━━━ Given data

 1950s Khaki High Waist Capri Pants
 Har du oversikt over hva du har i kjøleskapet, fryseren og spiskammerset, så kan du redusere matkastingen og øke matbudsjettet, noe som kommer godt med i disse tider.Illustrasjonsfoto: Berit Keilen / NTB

━━━━━━
━━━ Given data

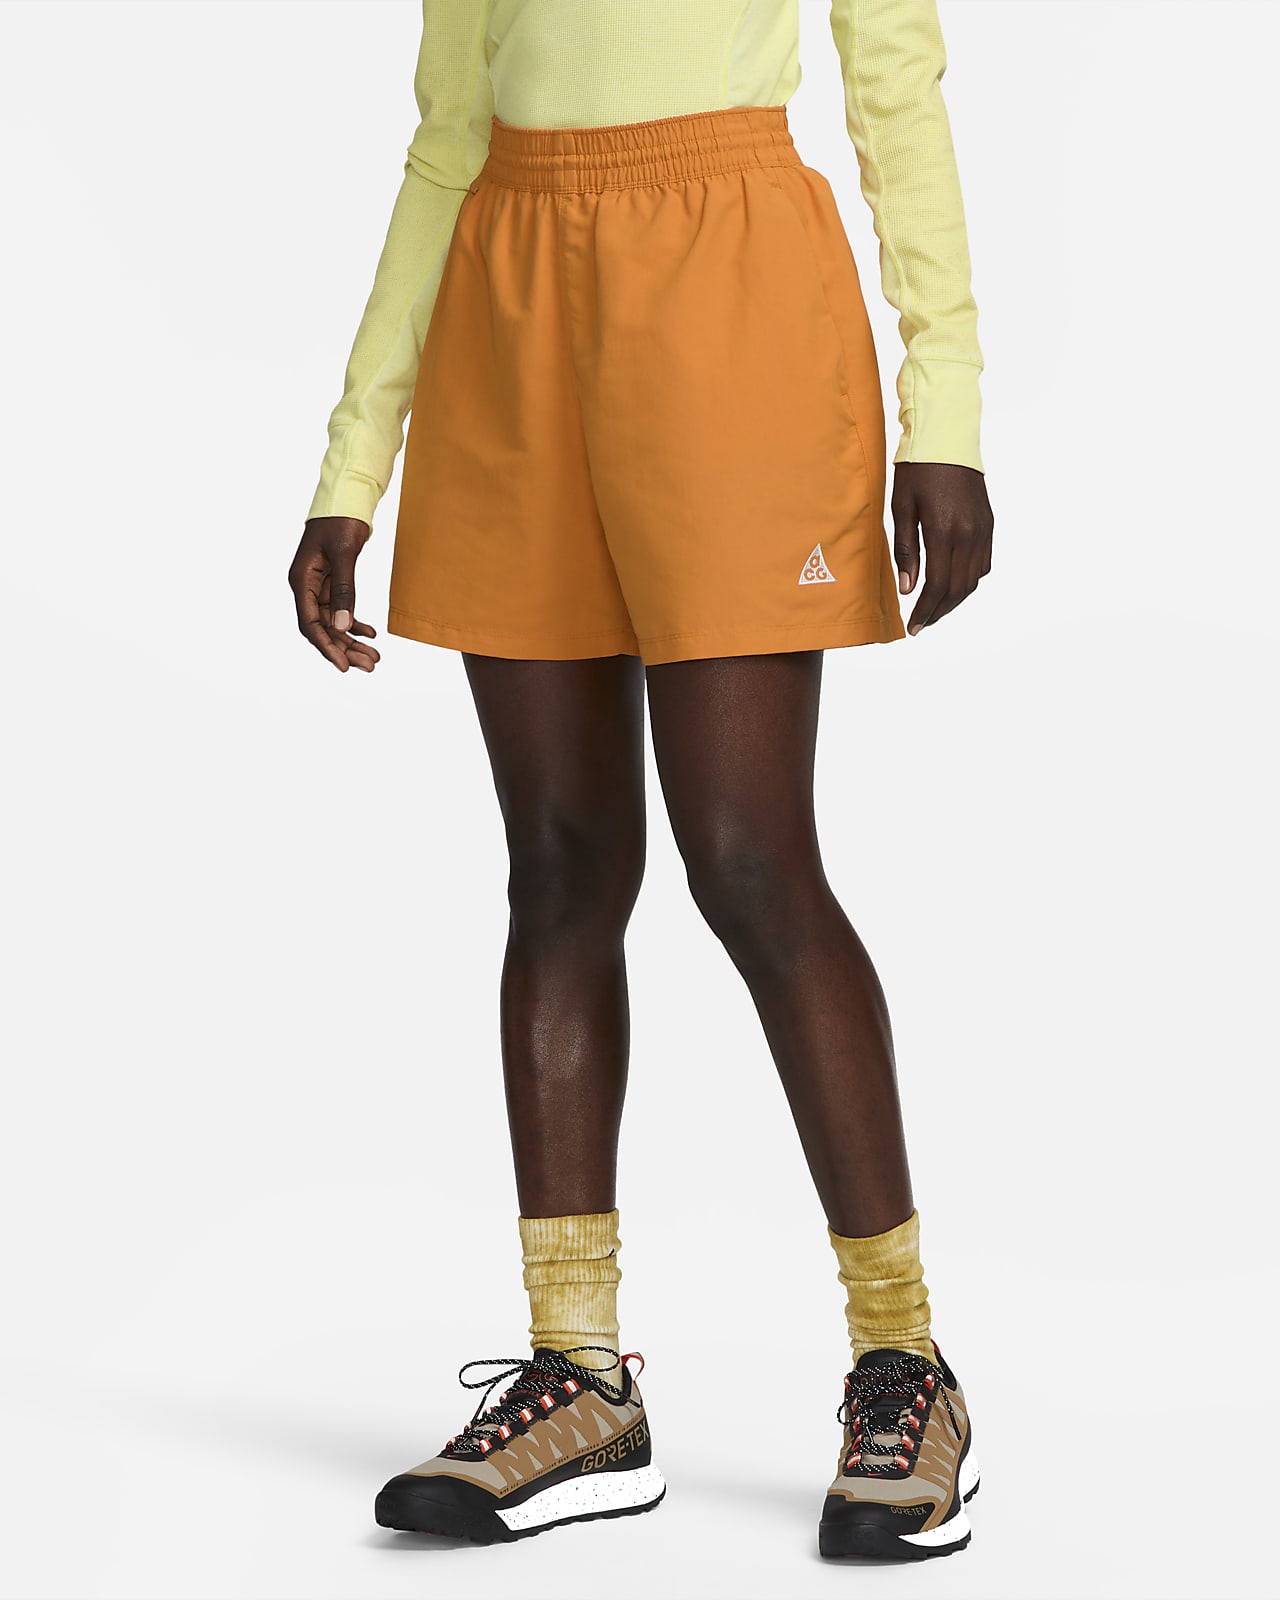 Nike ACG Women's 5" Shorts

━━━━━━

### Problem to work on:
All lines in the listing above between the line with "1950s Khaki High Waist Capri Pants" and the line with "Har du oversikt", inclusive, should be set down exactly, and no line outside that range.

### Task solution:
 1950s Khaki High Waist Capri Pants
 Har du oversikt over hva du har i kjøleskapet, fryseren og spiskammerset, så kan du redusere matkastingen og øke matbudsjettet, noe som kommer godt med i disse tider.Illustrasjonsfoto: Berit Keilen / NTB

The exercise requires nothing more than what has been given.